Two ultrasonographic examinations of the rotator cuff were performed by a single musculoskeletal ultrasonographer (L.H.). The first ultrasonographic examination was performed at 6 months postoperatively and the second ultrasonographic examination at 9 or more months postoperatively. Real-time ultrasonographic evaluation of the rotator cuff was performed using a General Logiq E9 machine (General Electric, Sydney, Australia) with a 12-MHz linear transducer, following a standardized protocol.1 Hypoechoic cleft was defined as a small focal area of hypoechogenicity with well-defined margin and no evidence of fibrillar structure or vascularity within the cleft. The location and longitudinal and transverse diameter of hypoechoic cleft or any tear of the rotator cuff was recorded on a standardized form (Supplementary Appendix S1). The size of the hypoechoic cleft was calculated by multiplying the longitudinal and transverse diameter of the hypoechoic cleft.

Shoulder function

Patients were evaluated preoperatively and at the 1-week, 6-week, 12-week, 6-month, and ≥9-month follow-ups postoperatively.

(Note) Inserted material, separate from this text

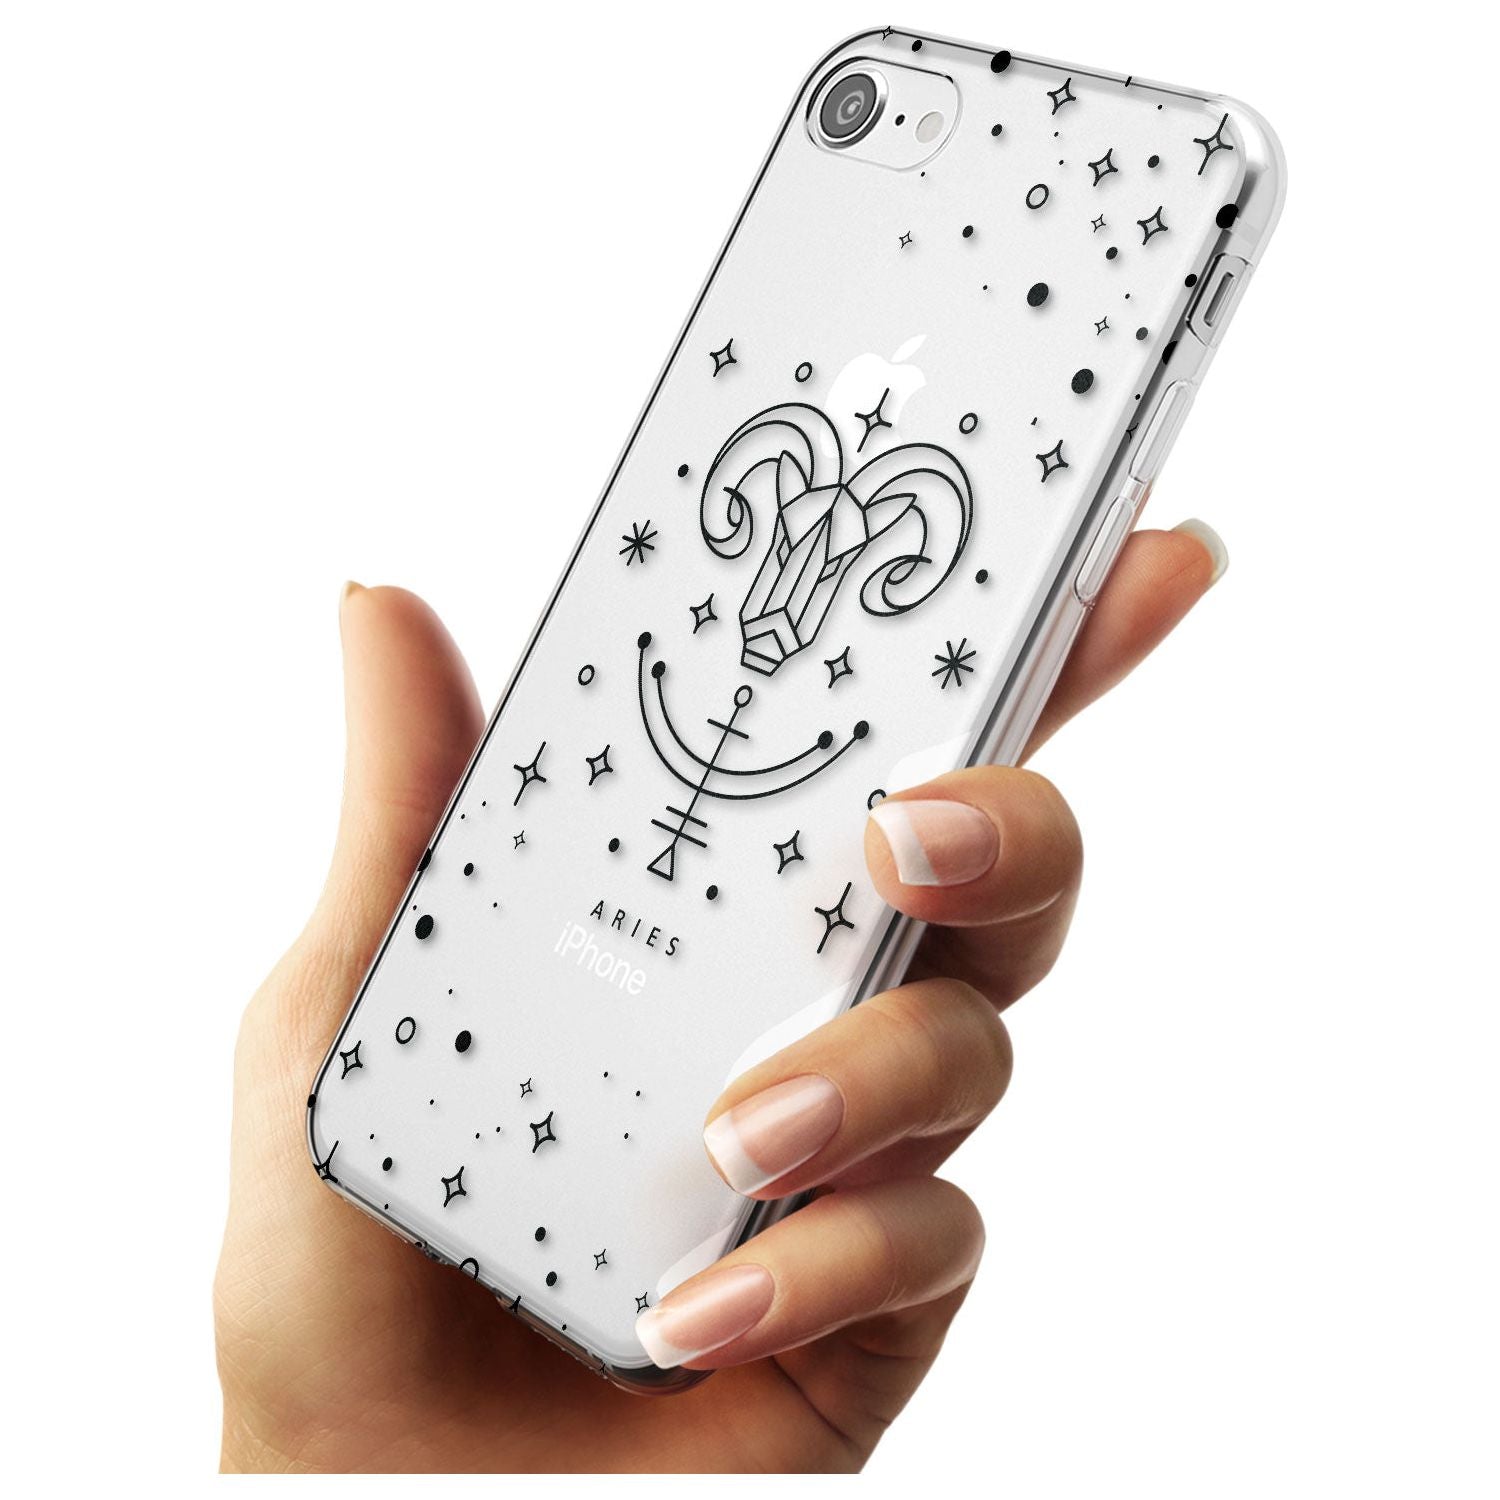 Aries Emblem - Transparent Design Slim TPU Phone Case for iPhone SE 8 7 Plus

At each visit, patients completed a standardized questionnaire (Supplementary Appendix S2) based on the L'Insalata Shoulder Questionnaire,9 which appraised pain, daily activities, recreational and sporting activities, work, and overall satisfaction, using Likert-type scales.

Range of motion

Examiners measured passive range of shoulder motion preoperatively and at the 6-week, 12-week, 6-month, and ≥9-month follow-ups postoperatively. Range of forward flexion, abduction, external rotation, and internal rotation was determined visually with the use of a previously validated protocol (Supplementary Appendix S3).16

Strength

Examiners measured shoulder strength preoperatively and at the 6-week, 12-week, 6-month, and ≥9-month follow-ups postoperatively. Strength of internal rotation, external rotation, supraspinatus, lift-off, and adduction was measured using a handheld dynamometer (Supplementary Appendix S3).16

Statistical analysis

Comparisons were made within the group at each time point using paired Student t-tests, and those with categorical data were compared using Wilcoxon signed-rank tests. Comparisons between groups were made using unpaired Student t tests, and those with categorical data were compared using Mann-Whitney rank-sum tests. Fisher exact test was used to assess dichotomous data.

Results

Study group

From October 2005 to December 2013, a total of 2058 patients had arthroscopic rotator cuff repair surgery performed by the senior author. Of these, 33 patients were identified who met the inclusion criteria, that is, patients with a hypoechoic cleft present at 6 months following arthroscopic rotator cuff repair surgery. Of these, 11 already had a second follow-up ultrasonograph after discovery of hypoechoic cleft. Of the remaining 22 patients, 13 were able to come in for a second follow-up ultrasonograph to assess the integrity of the repaired rotator cuff tendon. This gave a sample of 25 patient shoulders, which formed the study cohort.

Cohort demographics

The study cohort consisted of 16 male and 8 female patients with a mean age of 54 years ±1.7 (mean ± standard error of the mean [SEM]) (range 34-73 years) and mean duration of symptoms of 42 months ±13.7 (range 0.5-301 months). Arthroscopic rotator cuff repair was performed on 10 left shoulders and 15 right shoulders.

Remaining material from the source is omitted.